Notre longue culture intercommunale a facilité ce changement : créé en 1993, le Pays d’Alby – 11 communes et 13 000 habitants – a été la première communauté de commune de Haute-Savoie. Elle a fait ses preuves en mettant en place de nombreux équipements partagés (zones d’activités économiques, équipements sportifs, maison de retraite, crèche, compétences eau potable et assainissement…). L’élaboration du SCoT, approuvé en 2005, a également préparé les esprits, en invitant les élus à s’ouvrir davantage, à sortir de leur commune. Ils ont alors pris conscience du hiatus entre leur attachement à la commune et la vie de leurs administrés, qui recherchent un service sans se soucier de sa localisation exacte.
Quelques élus sont cependant restés opposés à ces arguments : nous avons alors décidé de passer, fin 2012, à la phase du vote, car celle de l’argumentation ne peut pas durer éternellement. Le transfert de compétence n’a pas été accepté à l’unanimité - au contraire de l’eau potable, transférée deux ans plus tôt - néanmoins une très large majorité a soutenu cette décision.
3. Comment prévoyez-vous d‘articuler l’élaboration de votre PLUi avec les autres politiques sectorielles (habitat, mobilité, paysage, trame verte et bleue, économie…) de votre territoire ?
Alain Roussel : Notre collectivité intervient dans de nombreux domaines. J’espère qu’avec l’aide des bureaux d’études qui seront prochainement recrutés, le PLUi permettra de structurer ces politiques dans une globalité d’action afin qu’élus, acteurs économiques, responsables associatifs, habitants… puissent imaginer ensemble un véritable projet d’avenir pour notre territoire.
Le paysage tient une place de premier plan dans notre démarche : grâce au soutien financier de l’Etat (appel à projet), nous avons lancé une démarche Plan de Paysage en janvier 2014 dont l’objectif est de servir d’introduction, voire de socle, à l’élaboration du PLUi. Les élus souhaitent en effet que le paysage devienne une ressource support de développement. Le paysage devra donc être au cœur du PLUi, tel un fil rouge. On le considérera bien sûr dans la phase de diagnostic et, surtout, on ne l’oubliera pas en préparant le PADD ; on s’interrogera sur les conséquences paysagères des OAP ; on intégrera des prescriptions du Plan de Paysage dans le règlement, etc.

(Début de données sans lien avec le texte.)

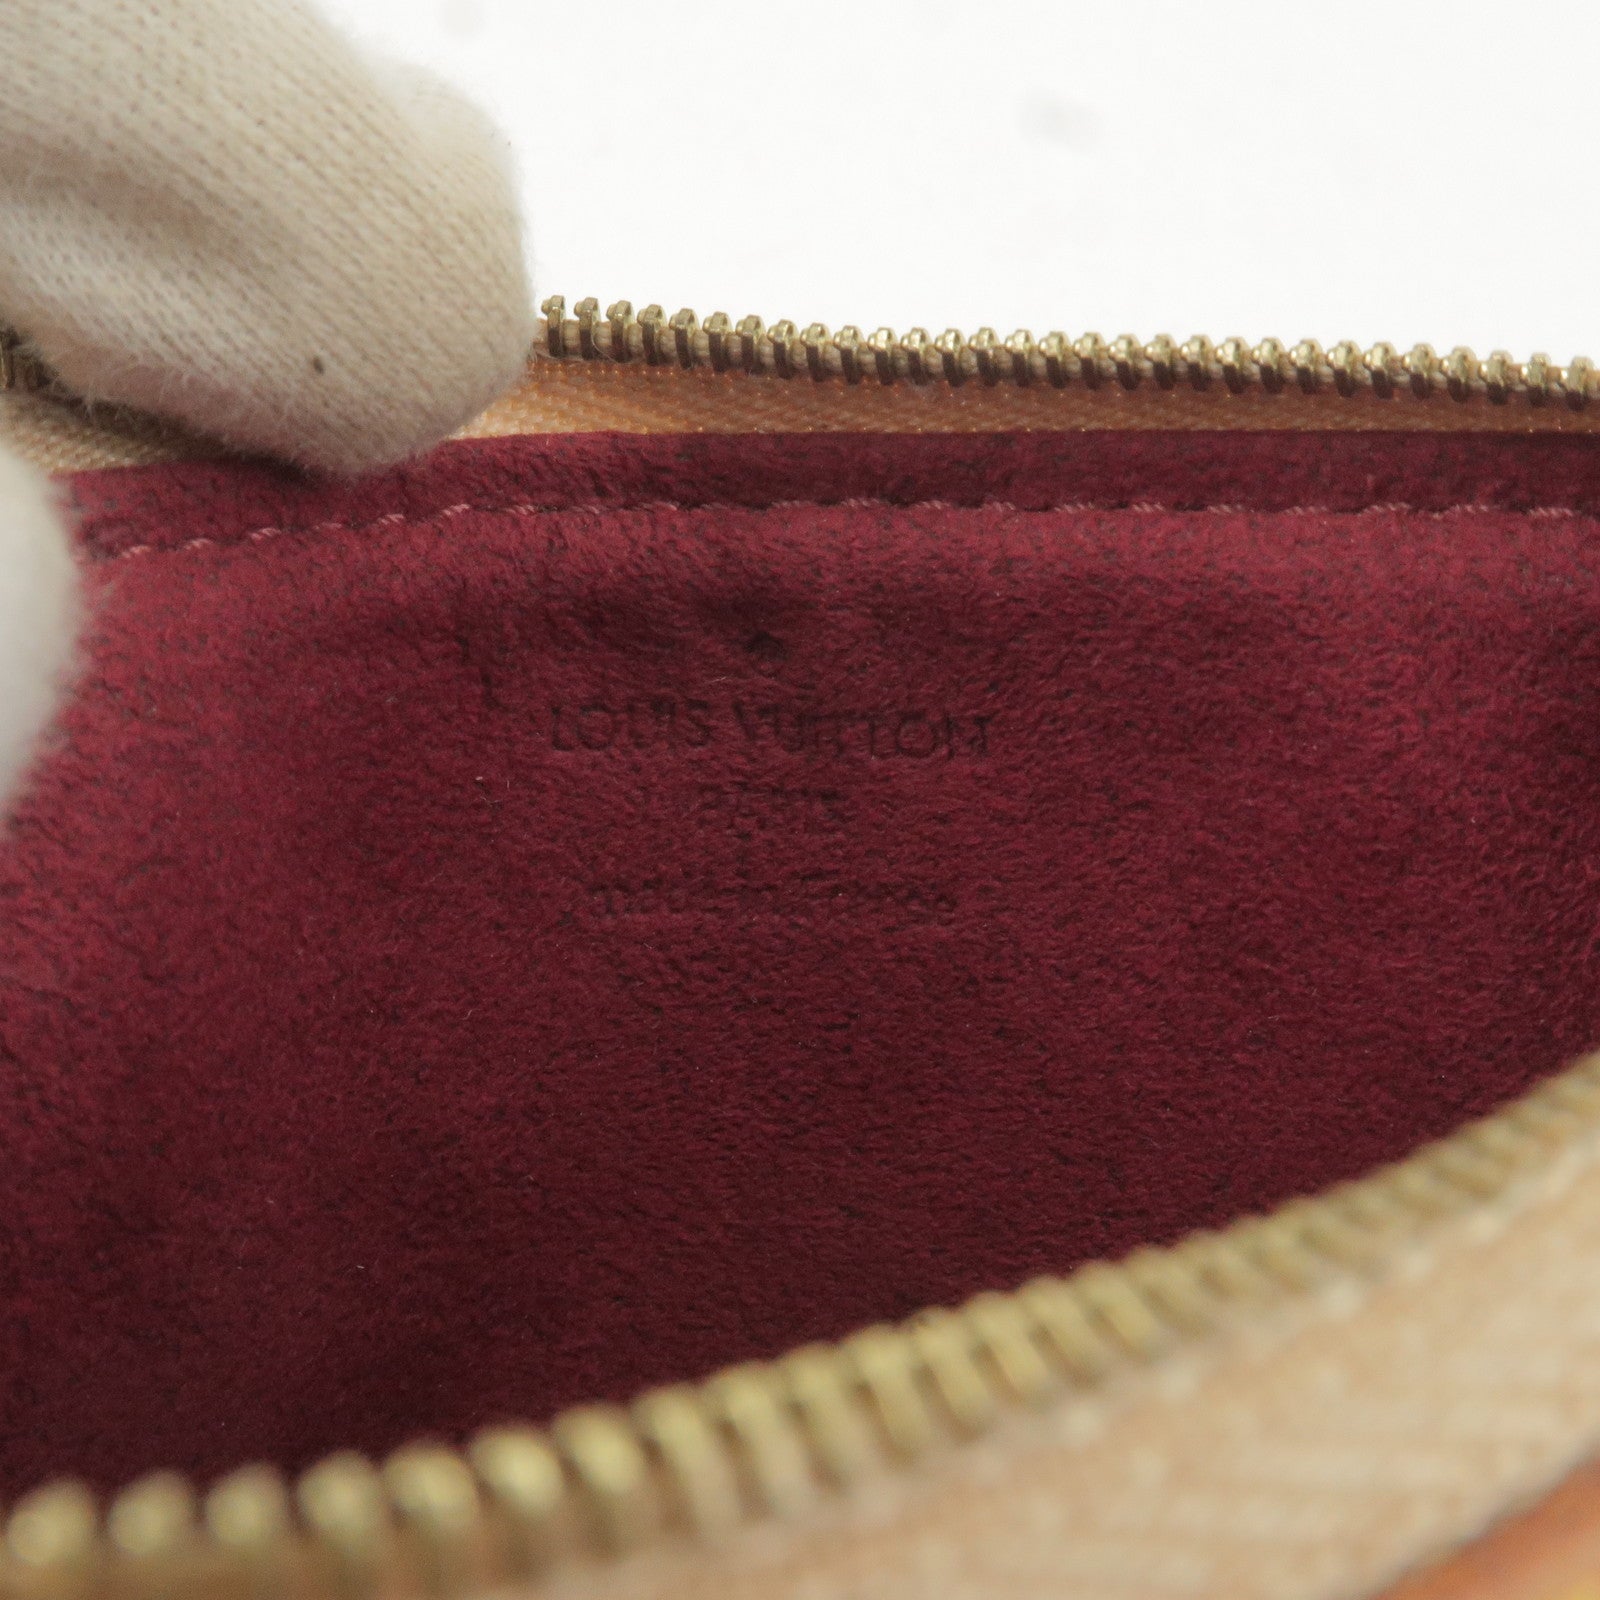 Louis Vuitton Monogram Pochette Milla PM - Brown Mini Bags

Jean-Claude Martin : Nous souhaitons profiter de l’élaboration du PLUi pour aborder et articuler un large spectre de politiques publiques sur le territoire : paysage, agriculture, habitat, mobilité (en lien avec le conseil général et les collectivités voisines)…
Réfléchir simultanément à ces différentes politiques nous permettra de renforcer les orientations prises pour chacune d’entre elles : par exemple, l’intégration du PLH dans le PLUi facilitera l’anticipation d’un zonage adapté à nos objectifs en matière d’habitat.
4. Quelles sont vos attentes vis-à-vis de l’accompagnement pouvant être proposé par le Club PLUi et ses partenaires (apport d’outils méthodologiques, partage d’expérience…) ?
Alain Roussel : Le Club nous apporte déjà une visibilité et une reconnaissance : notre modeste territoire devient une ressource pour plusieurs collectivités qui nous sollicitent sur notre démarche. Il nous permettra de découvrir d’autres expériences et de s’en inspirer pour gagner en efficacité.
Jean-Claude Martin : Nous souhaiterions bénéficier de la présence d’un club territorialisé, d’un cadre d’échange pour le partage d’expériences locales. Nous sommes déjà en relation avec plusieurs communautés voisines.